But the point being, there is almost nill static electricity generated in a seasoned dust collection system.
Mine is unique in that I have a 2 HP cyclonic separator, with a 1.5 HP booster blower under my center equipment area.
A lesson taken from the big boys where booster blowers are common in collection systems.
One of my pet peeves is a shop with 6" of sawdust everywhere. :mad: So my shop has outstanding dust control.
And also, outstanding noise abatement. The cyclonic separator is boxed in with sound board lining to quiet it down. After it filters the air down to .5 microns, the air goes over to my 7 HP air compressor closet and circulates the cleaned air down over the vertical 80 gallon air compressor and exits near the floor. That enclosure is also lined with sound board and baffles to deaden the inherent noise.
I can't do much about blade or bit noise, but I'm hell on the noise I can control. ;)

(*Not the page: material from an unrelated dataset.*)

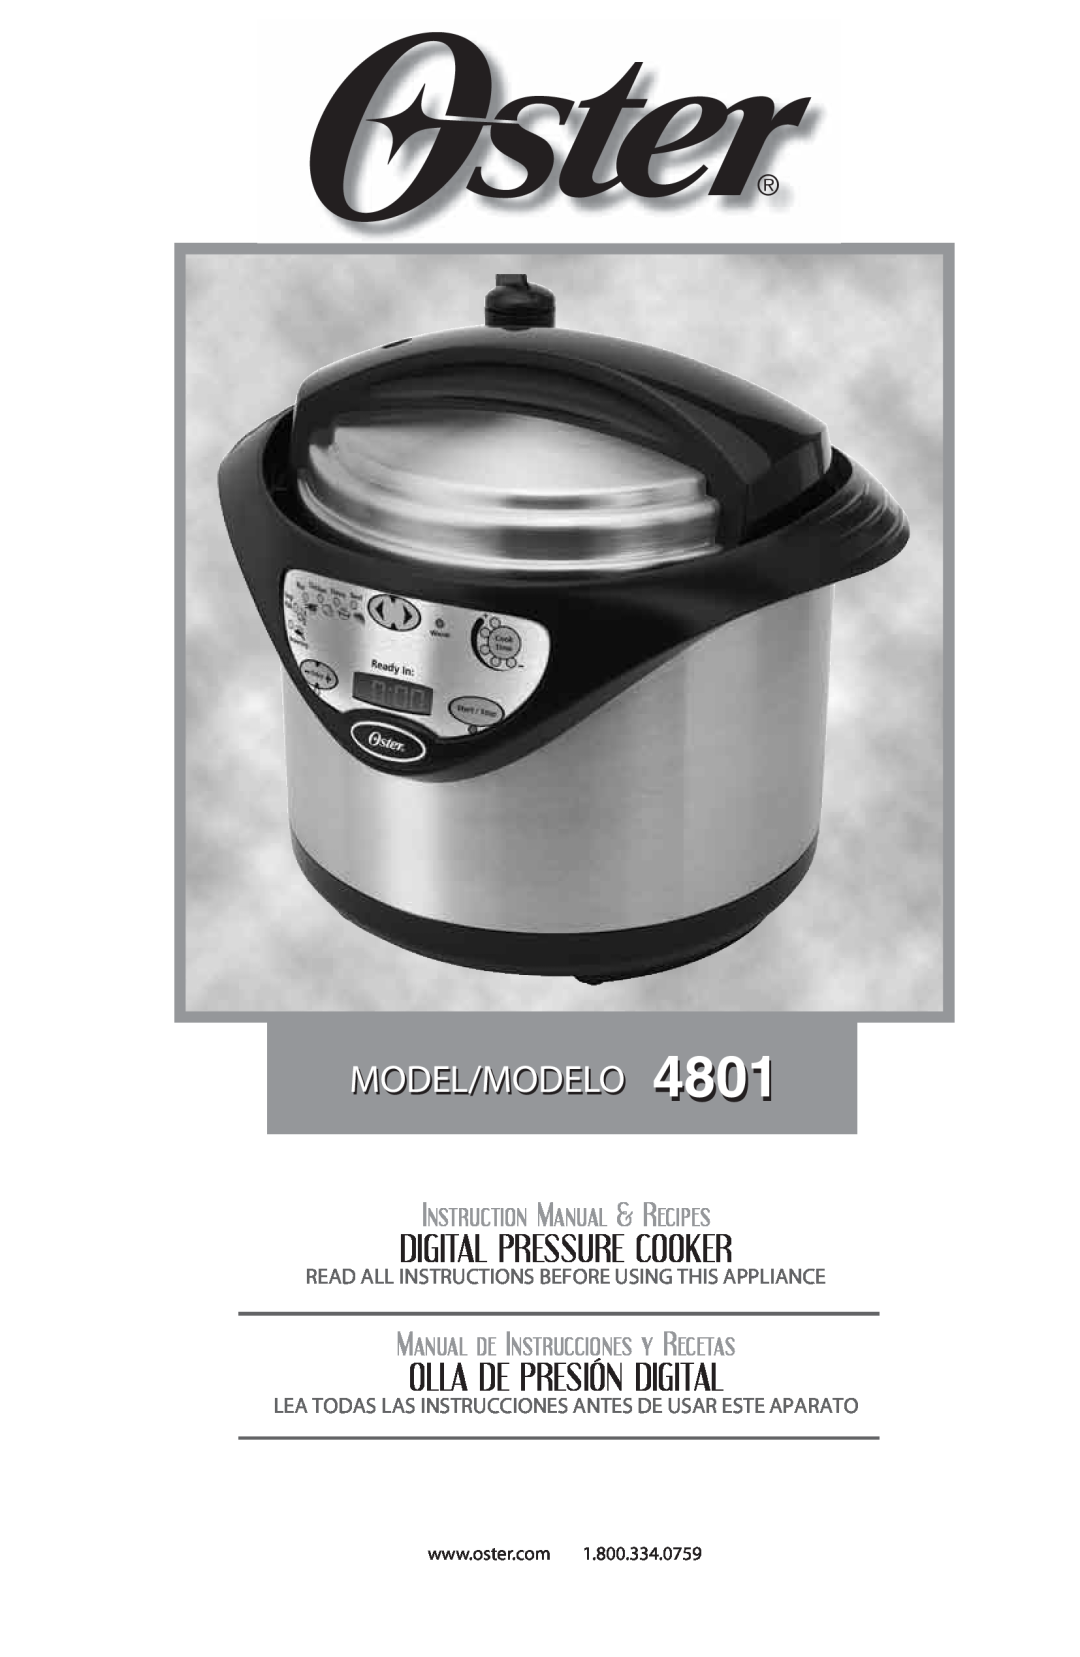 Oster Oster Digital Pressure Cooker, 4801 instruction manual Model/Modelo, Manual De Instrucciones Y Recetas

Lastly, and more importantly, the last I studied up on it, there was not a single incidence of a home shop dust collection explosion. Period.
But the paranoia continues. :rolleyes:


----------



## SonnyE (Aug 24, 2018)

gmc2003 said:


> Nice work Sonny, and good luck with your boil. I'll be looking forward to your posts.
> 
> Chris



Thank you Chris, I'm hoping it comes off well.
If not, I guess I'll just have to get busy crabbing until I do figure it out. LOL! ;)


----------



## chopsaw (Aug 24, 2018)

Yes , that's classed as waste ( human ) and vent . Drain pipe is green . Maybe Cali codes are different . 
Hope it all works out .


----------



## SonnyE (Aug 24, 2018)

It got laughingly soft in boiling water. Never lost shape, just got "squishy".
So Plan B. A giant grill spatuala I gathered up in a Port Orchard Goodwill store.
I saw this paddle sized flipper and had to grab it. It's stainless steel, so no worries there.
My original stick now has a hook in it and lifts the pot lid nicely.
So everything's a go. I have the pot boiling with 1/2 cuppa Louisiana Boil seasoning to season my new pot and strainer.


----------



## mosparky (Aug 24, 2018)

Dang.. Sorry it didn't work out, but at least we all know now and you didn't spoil the boil finding out.


----------



## SonnyE (Aug 25, 2018)

mosparky said:


> Dang.. Sorry it didn't work out, but at least we all know now and you didn't spoil the boil finding out.



If I spoiled the boil for a plastic paddle, I'da been P.O'd.
It was a fun, quick, project though.
I am going to change the burner on my base though. I have it jetted for Natural Gas now, but think a burn made specifically for NG would do better. :rolleyes:o_O

Today's the day! Grandma even got me some shrimp for the pot. This ought to be good. If not, I'm gonna be sick of 'boil' by the time I eat the evidence. LMAO!


----------